#### [Task requirements]
Drop every picture. Then return, exactly, the lines from the beginning of the listing below through the one containing "bzr - Luella".

-------

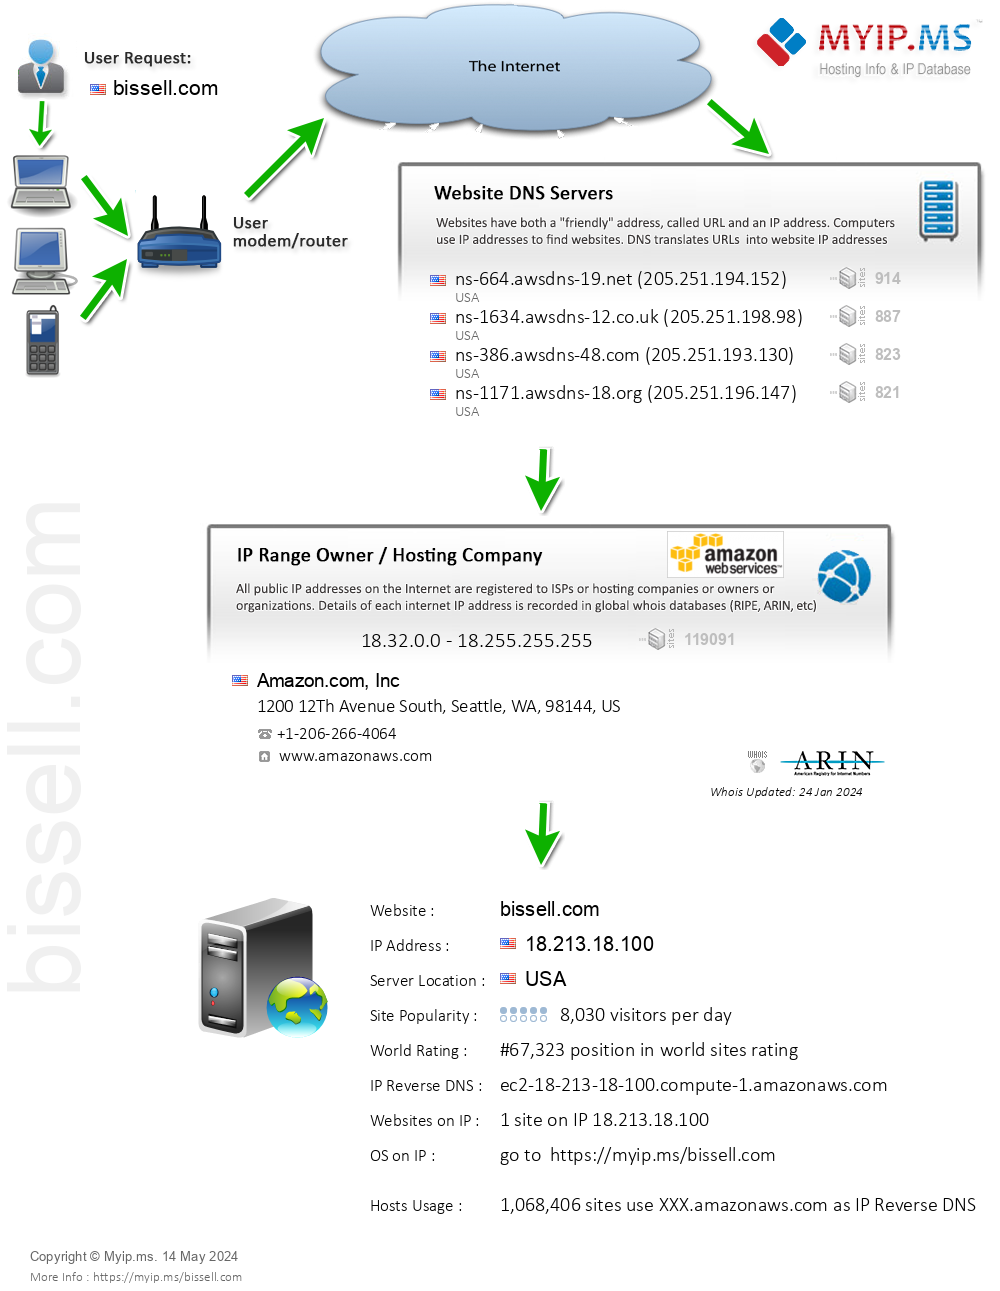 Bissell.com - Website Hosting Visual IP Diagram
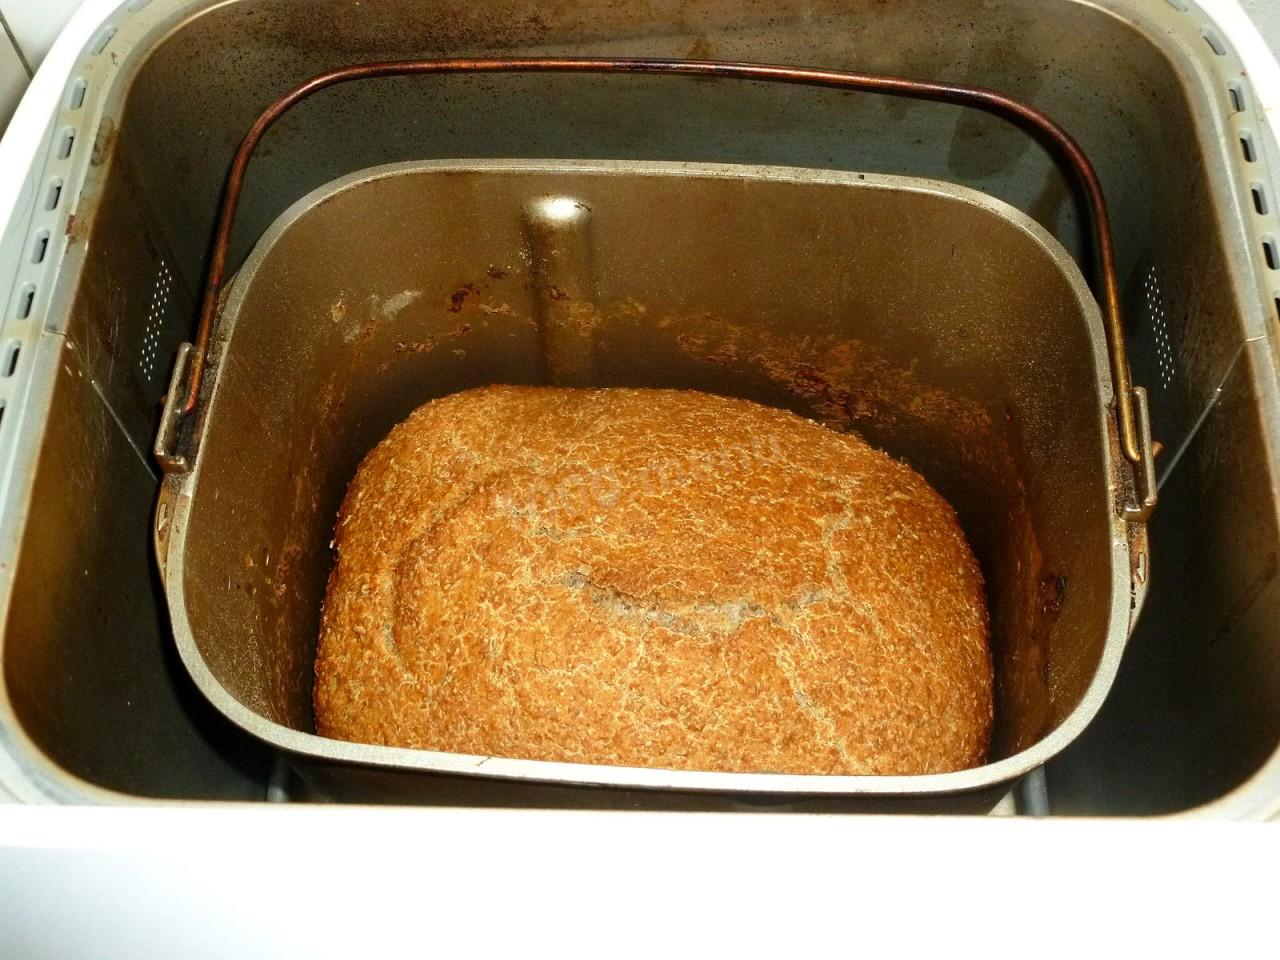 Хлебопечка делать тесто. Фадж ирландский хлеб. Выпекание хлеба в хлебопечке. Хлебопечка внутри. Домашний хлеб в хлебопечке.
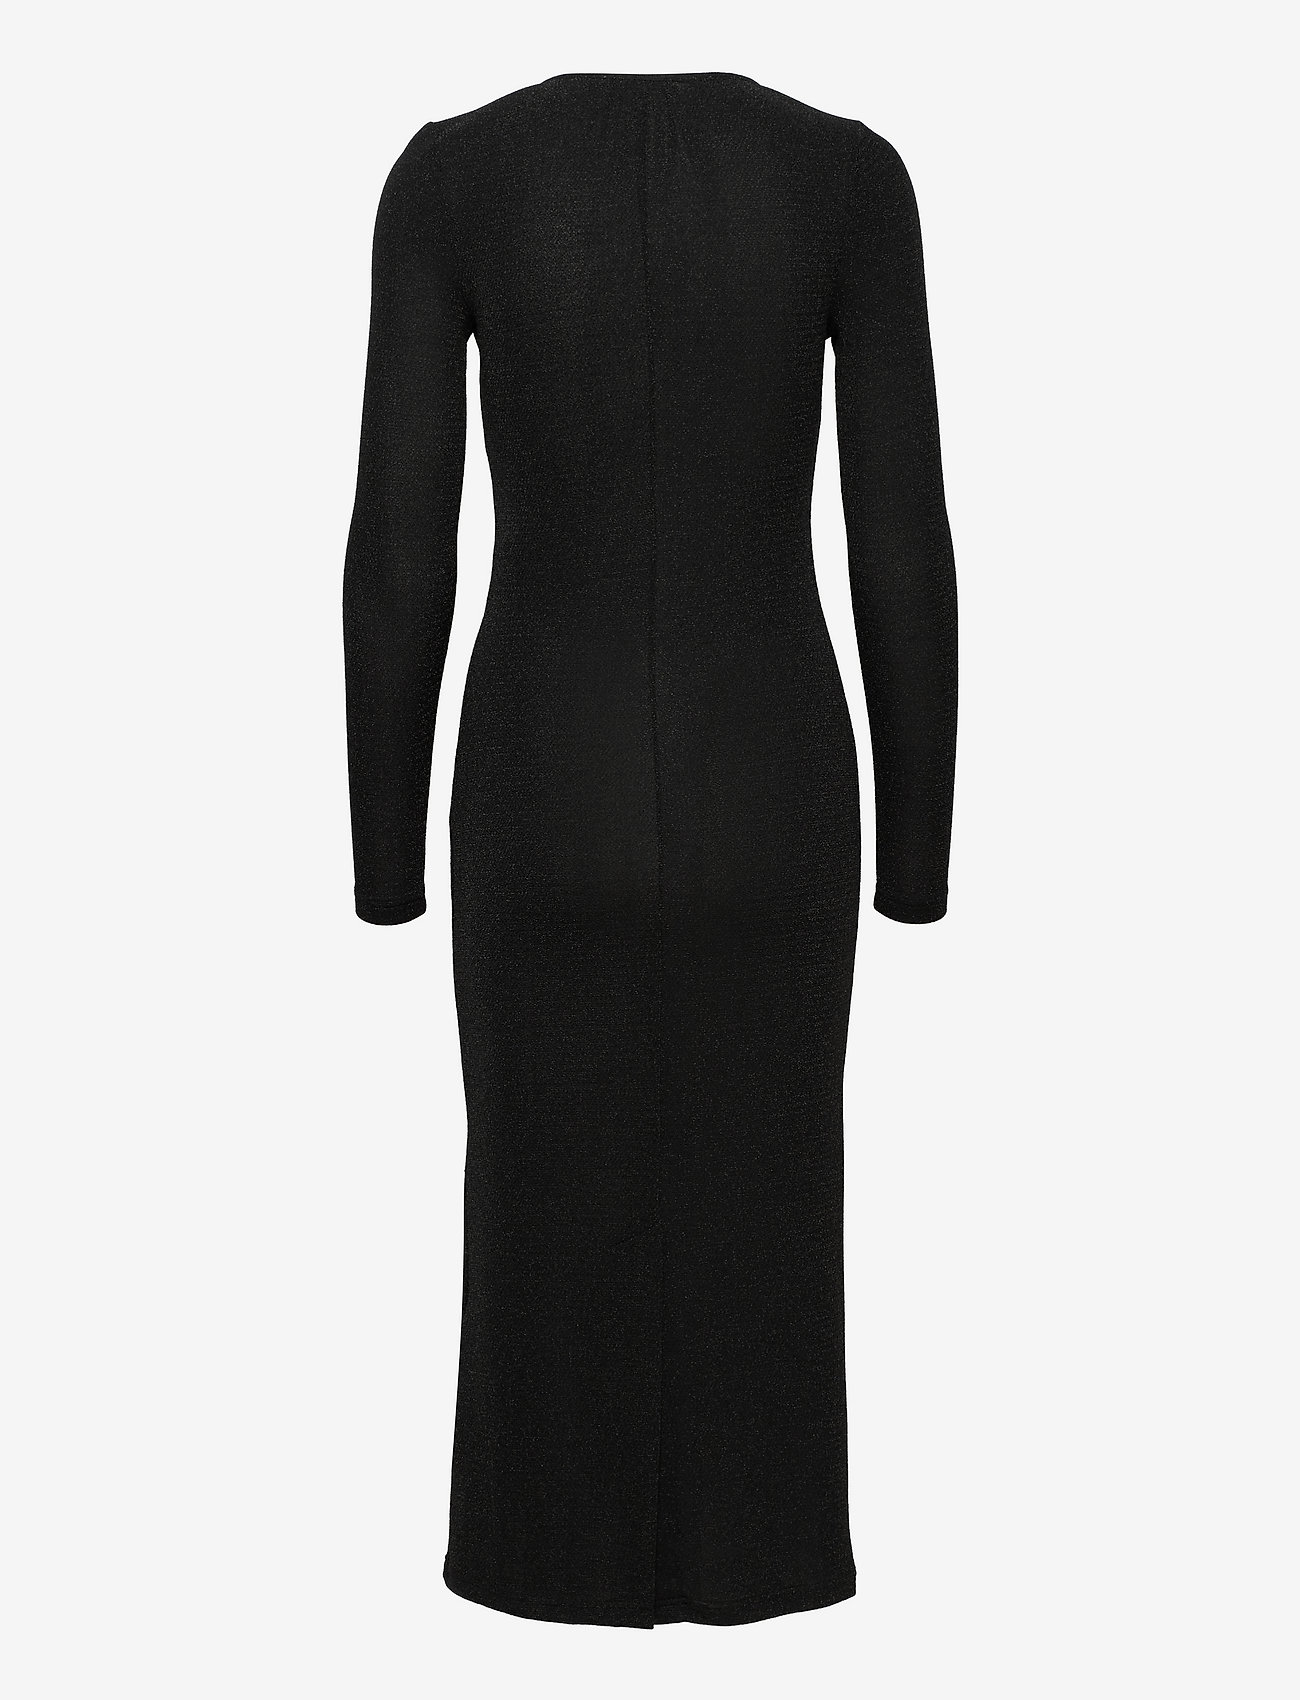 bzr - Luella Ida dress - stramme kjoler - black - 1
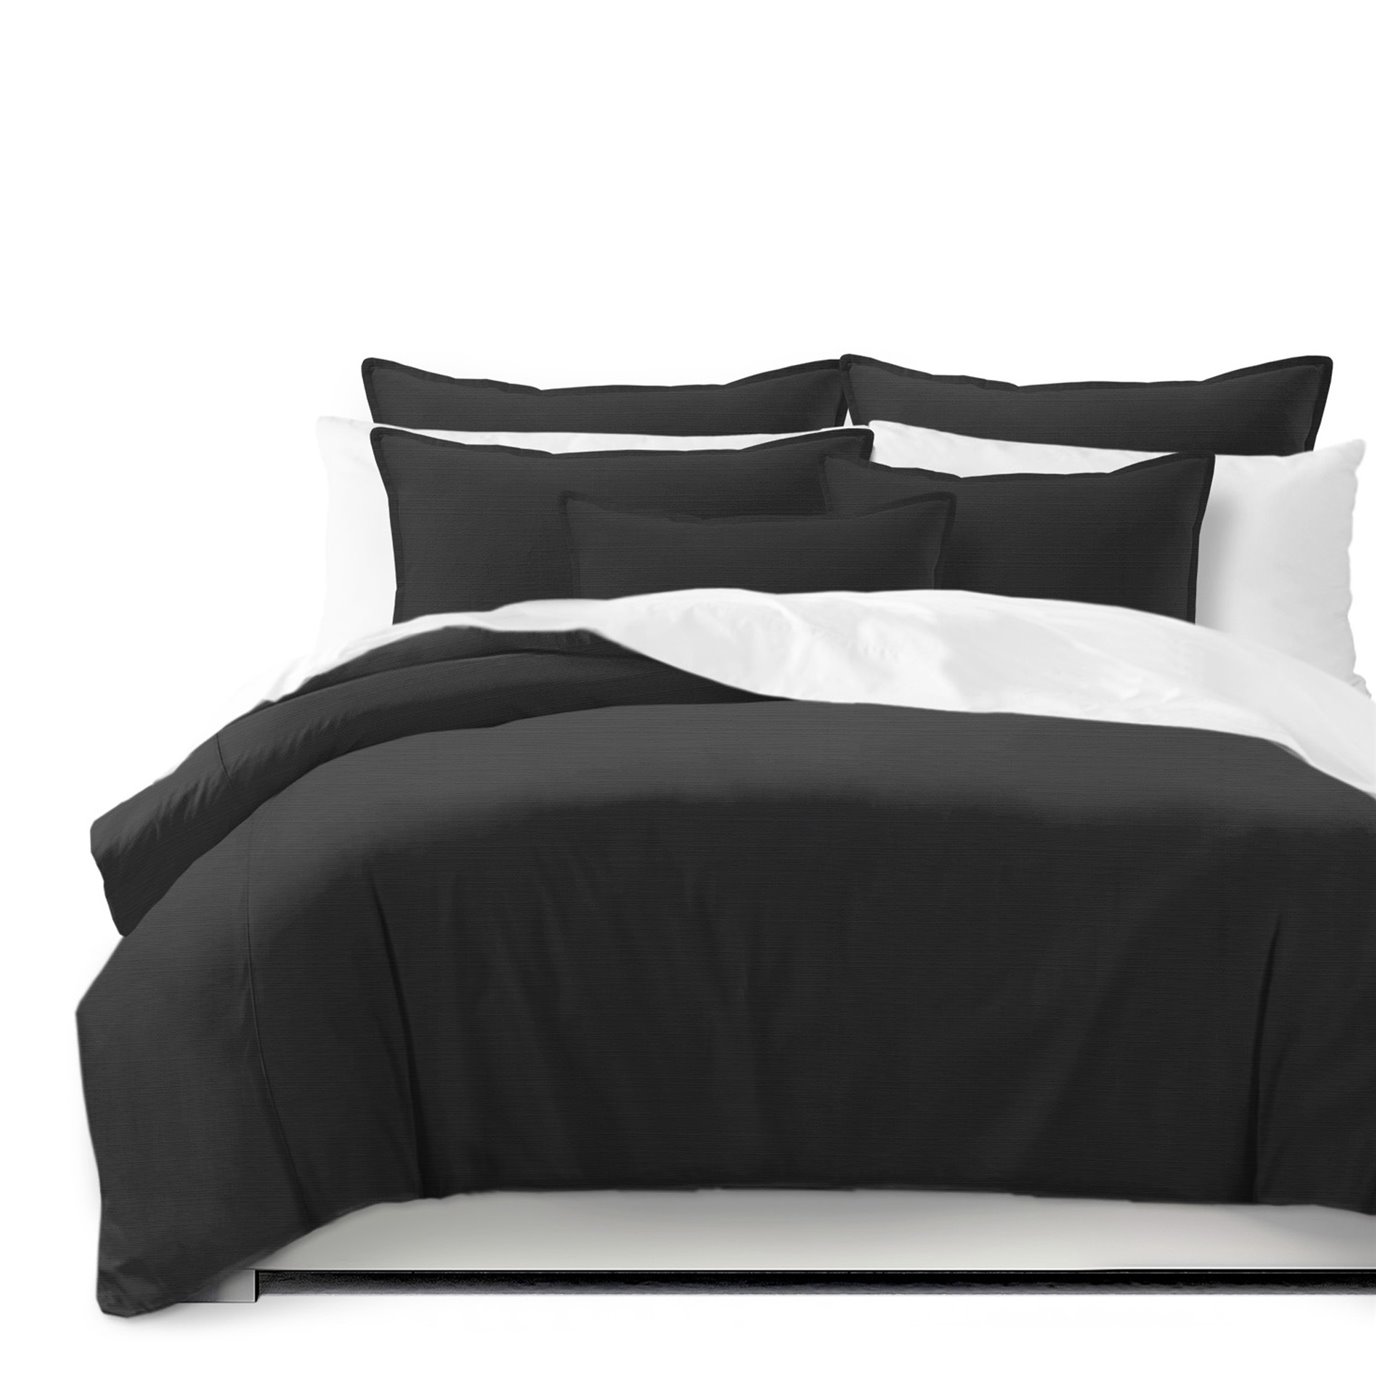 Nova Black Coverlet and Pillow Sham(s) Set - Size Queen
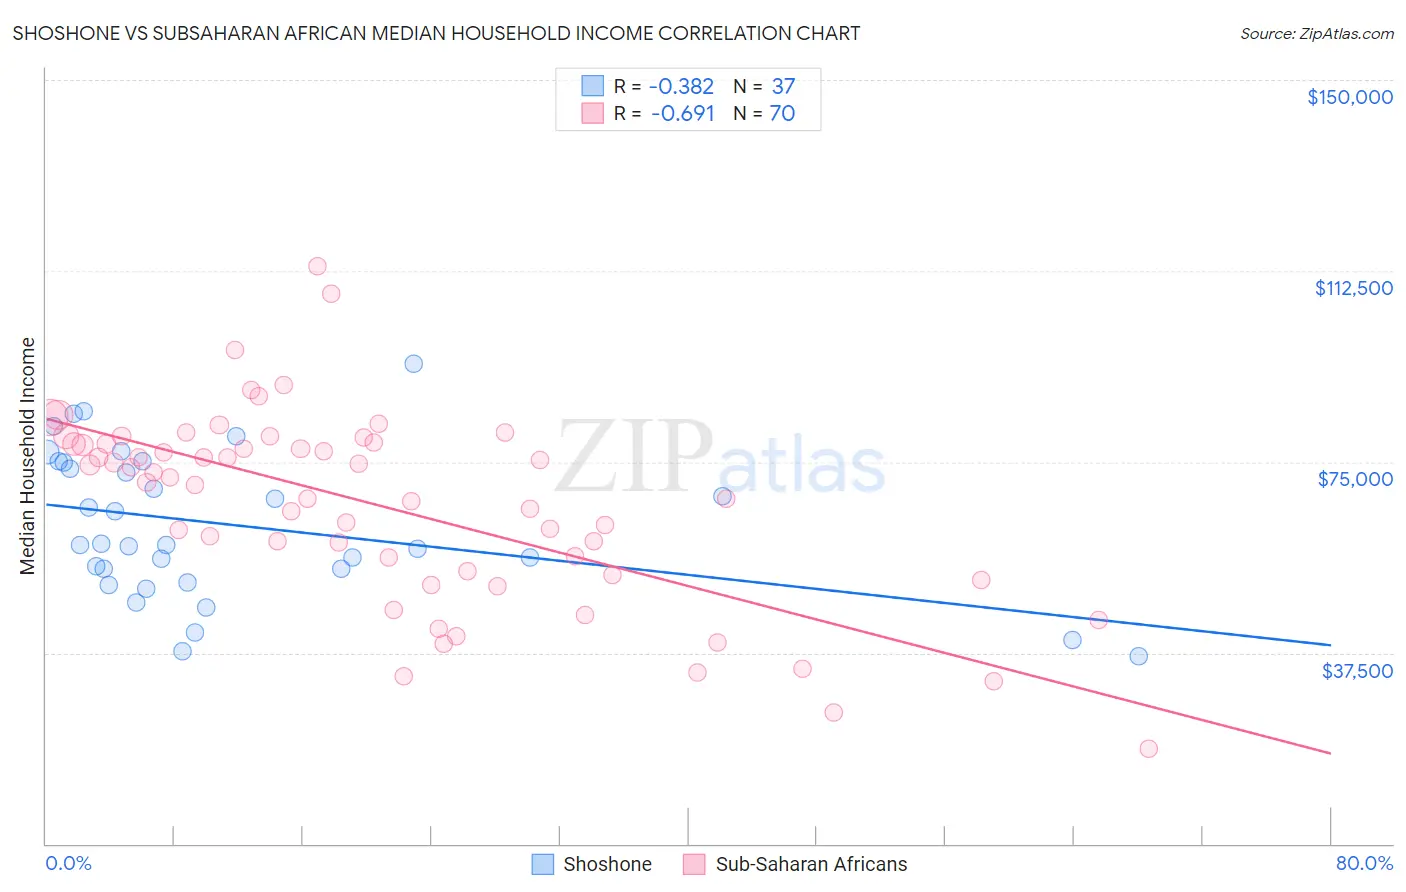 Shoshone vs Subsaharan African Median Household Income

-------

#### [Reply]
 Bissell.com - Website Hosting Visual IP Diagram
 Хлебопечка делать тесто. Фадж ирландский хлеб. Выпекание хлеба в хлебопечке. Хлебопечка внутри. Домашний хлеб в хлебопечке.
 bzr - Luella Ida dress - stramme kjoler - black - 1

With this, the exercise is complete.